Peut-être que ça aiderait si elle engageait une équipe d’écrivains de couleur ou un consultant pour sa salle d’écriture, parce que je ne suis pas sûr que son personnel comprenne non plus :
Je ne peux pas dire si le fait d’être mandaté pour suivre des cours axés sur une expérience non blanche ont réparé Girls et Lena Dunham. Je ne dirais pas non plus que c’est la seule chose qui ne va pas dans son attitude (Dunham dit dans son profil dans le New Yorker, « Appelons un chat un chat – beaucoup de fois quand vous êtes végétarien, c’est juste un trouble alimentaire pas très efficace. ») ou Girls, mais je me demande sincèrement si cela aurait aidé. Au moins, cela lui aurait donné une certaine perspective si elle avait vraiment passé son temps à grandir à New York sans se soucier des personnes de couleur qui passaient devant elle tous les jours. Je refuse de croire qu’il est possible de regarder un film de Spike Lee, d’étudier son travail, de lire ses scénarios, et de croire ensuite que c’est la bonne façon de distribuer une série qui se déroule à Brooklyn – même dans les quartiers les plus riches de Brooklyn (j’ai hâte de voir à quoi ressemble le cercle d’amis de Blue Ivy Carter au lycée). Les programmes d’études des médias – en particulier ceux de mon alma mater – devraient prendre note du travail que leurs étudiants produisent et des attitudes qu’ils affichent et se demander sérieusement si c’est l’héritage qu’ils ont voulu libérer dans le monde.

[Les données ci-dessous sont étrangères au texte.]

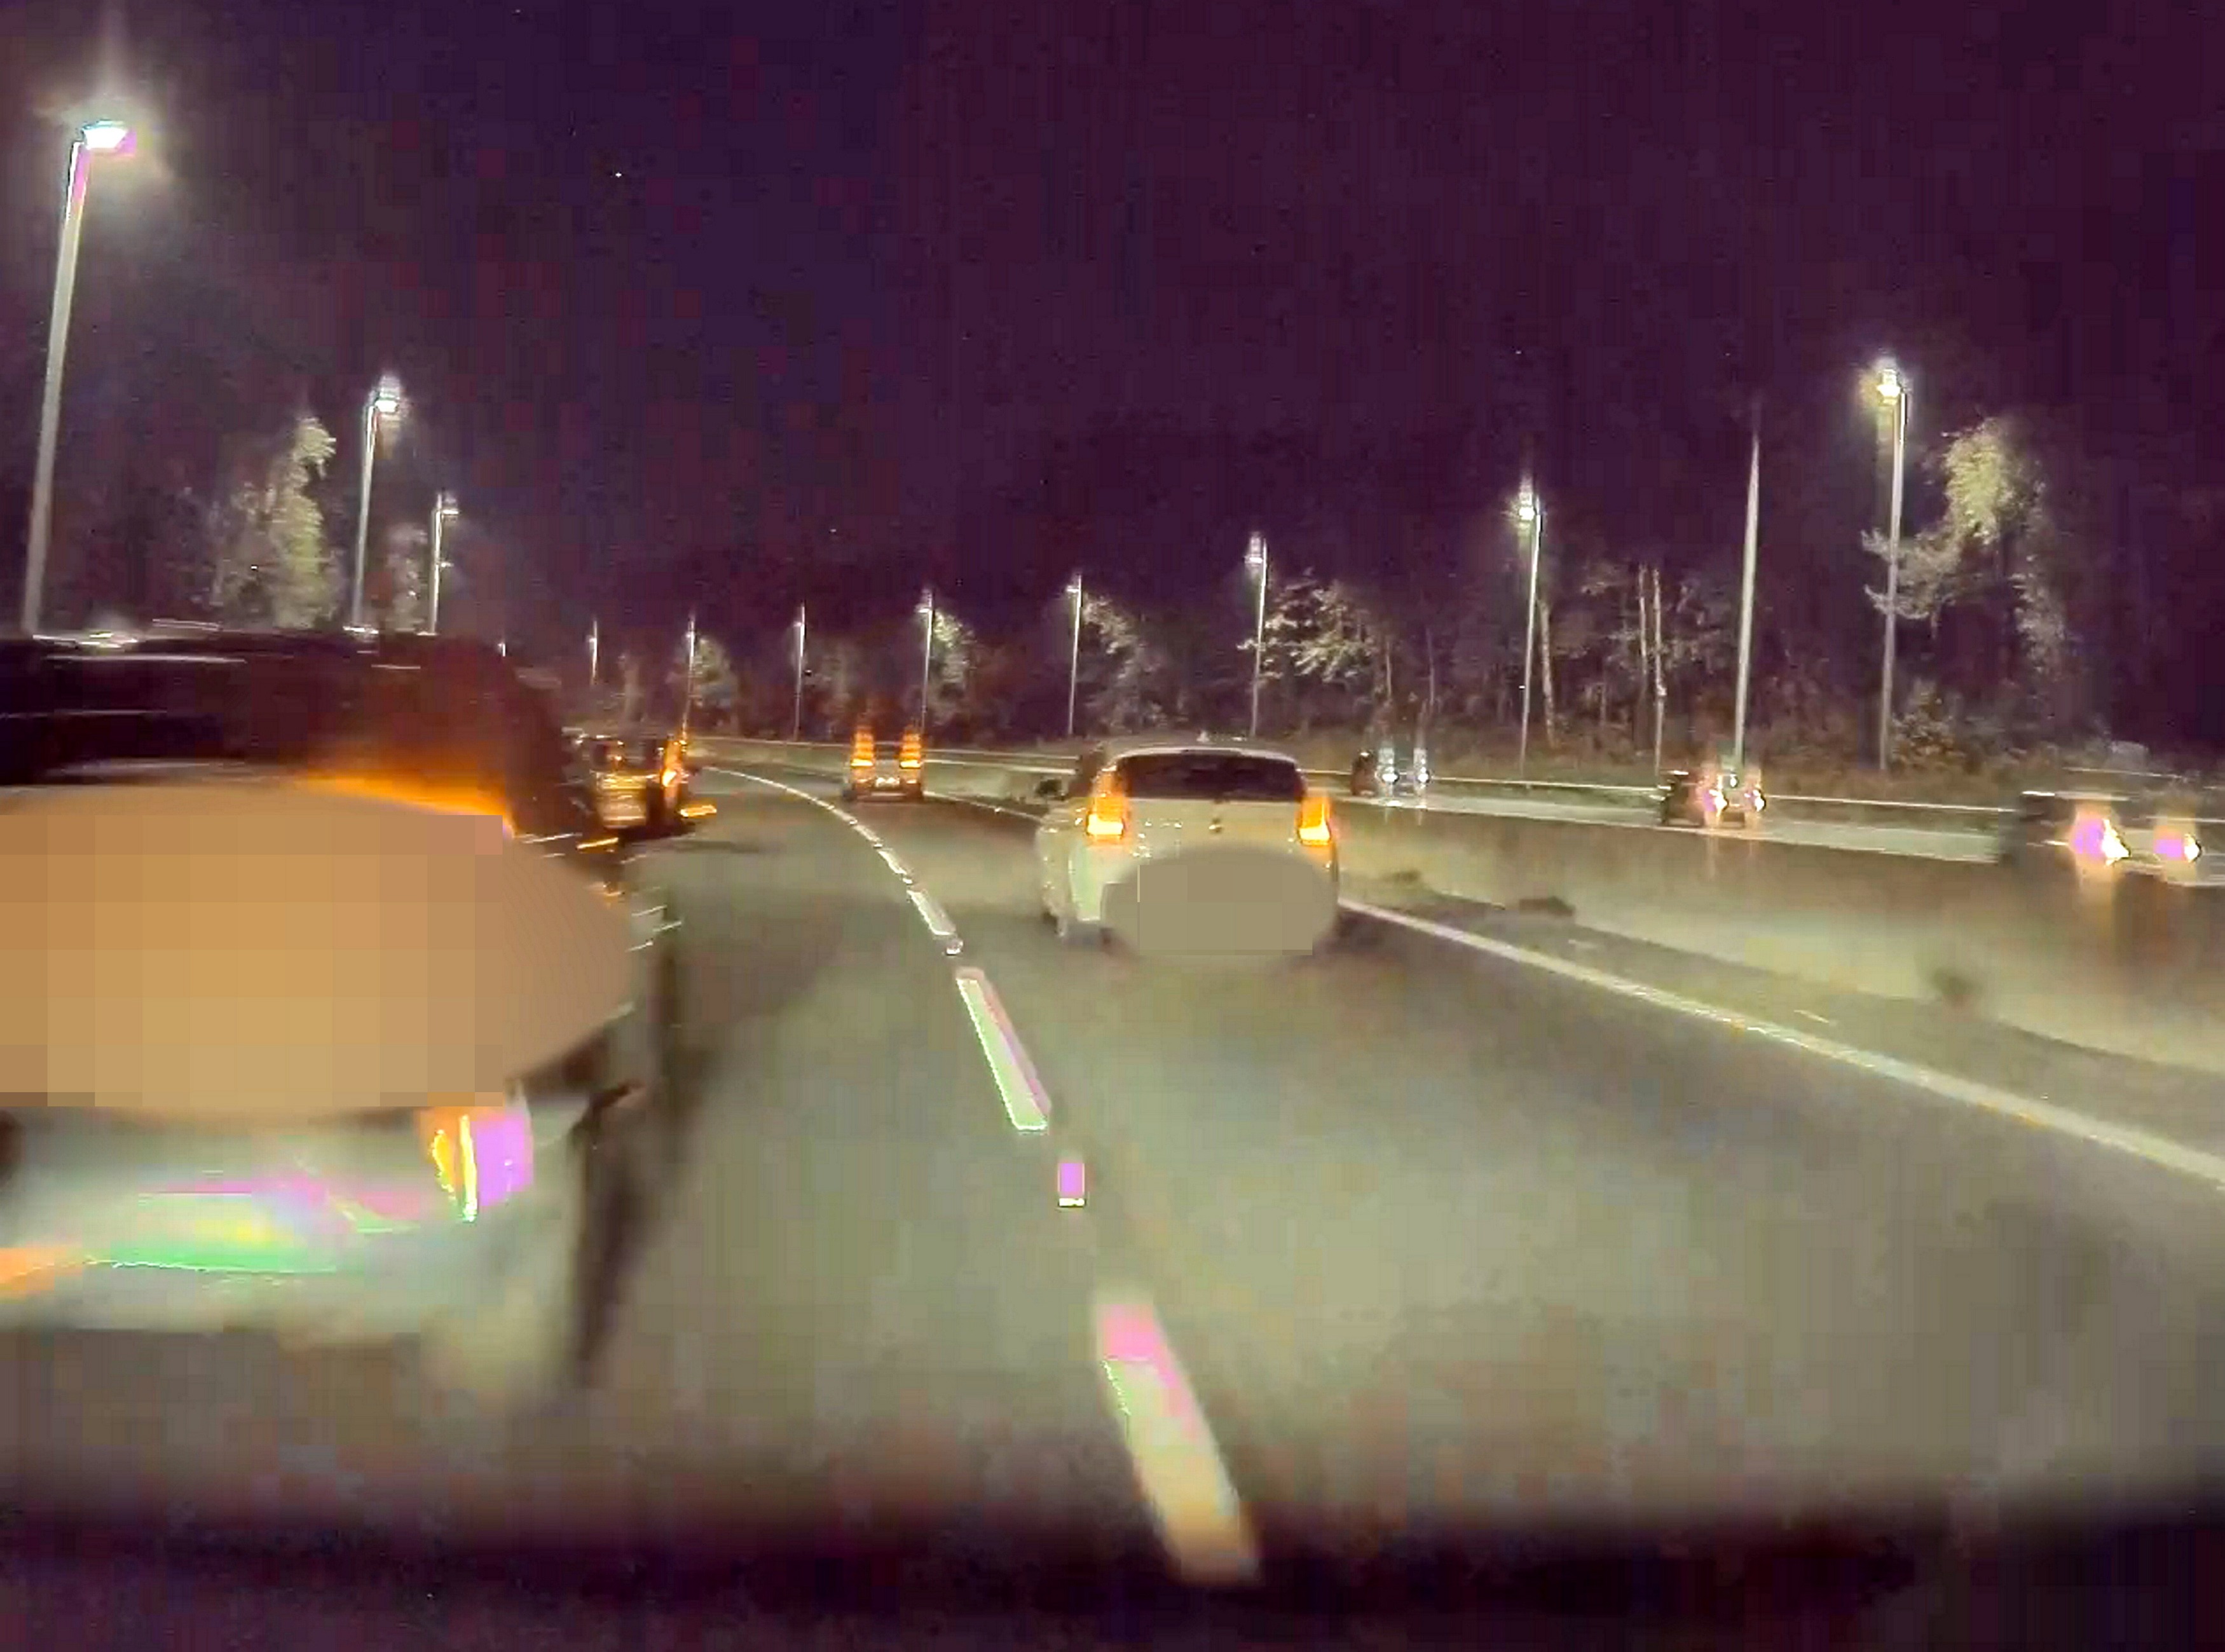 Herjean, driving erratically, overtakes a car in the middle lane, but crashes into the BMW in the right-hand lane

Lena Dunham et moi avons peut-être un peu en commun, mais indépendamment de ce que dit Emily Nussbaum, je ne considère pas que Girls est pour nous ou par nous. Le « Nous » de Nussbaum et les Girls de Dunham éliminent non seulement les autres 2/3 de Brooklyn qui existent, la réalité d’une population de NYC à majorité minoritaire, mais aussi la réalité que mes amis et moi vivons actuellement. Une fois de plus, nous avons été effacés d’un récit. Est-ce qu’un changement dans le programme scolaire va arranger ça du jour au lendemain ? Non, pas du jour au lendemain. Mais je me sentirais beaucoup mieux en sachant que ceux qui vont parler au nom de la « génération du millénaire » et la représenter (comme le magazine NY prétend que Girls le fait) ont étudié et appris quelque chose sur les personnes qui n’entrent pas dans le moule de Girls. C’est peut-être à ce moment-là que l’effacement commence à s’estomper.